If you don't regularly test your failover, chances are it will not kick in when the primary fails. Especially if the primary is very reliable. Very common pattern.
Ideally, you periodically test your ability to failover. But if it doesn't work, well, there's a chance that you just caused a user-facing outage with your test.
Active->standby failover is usually that way because it doesn't support active->active. Which likely means that the active->standby system is bolted on with some 3rd party technology that isn't integrated with the application.
I've been involved with a number of failover systems where even when it worked there was the possibility that you might hit a _known_ condition that causes the fail-over to fail.
Pretty scary knowing the product your working on has a couple critical holes in the fail-over that management papered over, which while rare could happen. A lot of these solutions are the equivalent of pull the power on one machine move the disk to the other and power it on. The assumption being that the storage mirror/replication/etc being used to maintain transnational consistency for the "move the disk" part is actually going to be consistent when that happens.

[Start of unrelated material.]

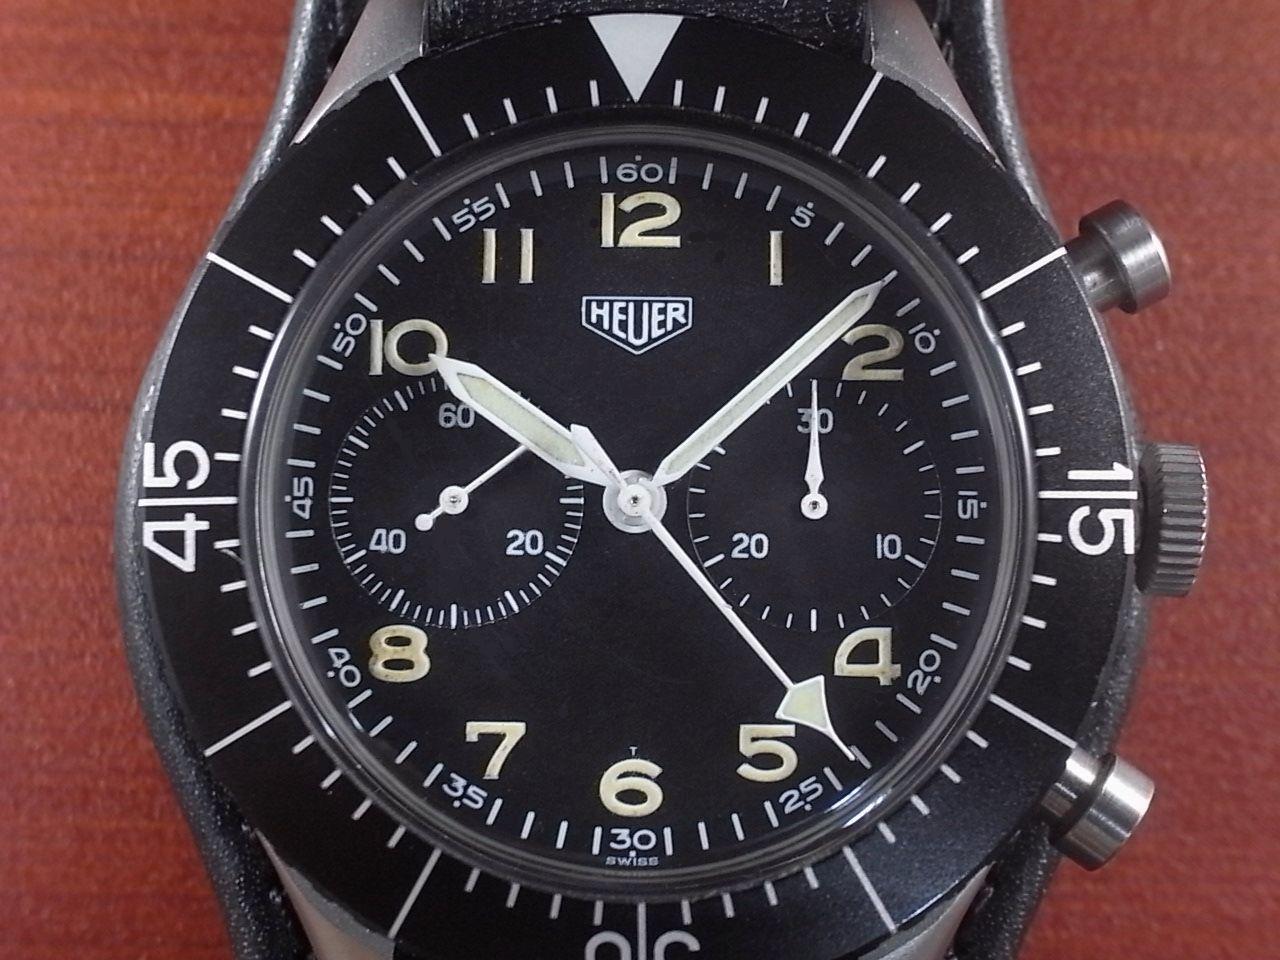 ホイヤー 軍用時計 西ドイツ空軍 Type.1550 SG フライバッククロノグラフ 1960年代の写真2枚目

This happened (or at least, was detected) an hour before trading opened. It should have failed over then. To me, that means that you could validly test your failover an hour before trading opened (or, perhaps wiser, an hour after trading ended). If it doesn't work, you learned without causing a user-facing outage.
The system is online, publishing market data and and accepting orders before trading starts. The exchange initially announced a delay in opening, and only later announced staying down for the day. It doesn't sound like they had the option to do what you described. The staff trying to resolve the problem was presumably doing everything they could before giving up for the day.
Failover should be tested, but what should be tested? There are many components and possibly innumerable failure reason is exists so 100% confident isn't possible.
Ideally, you periodically test your ability to failover. But if it doesn't work, well, there's a chance that you just caused a user-facing outage with your test.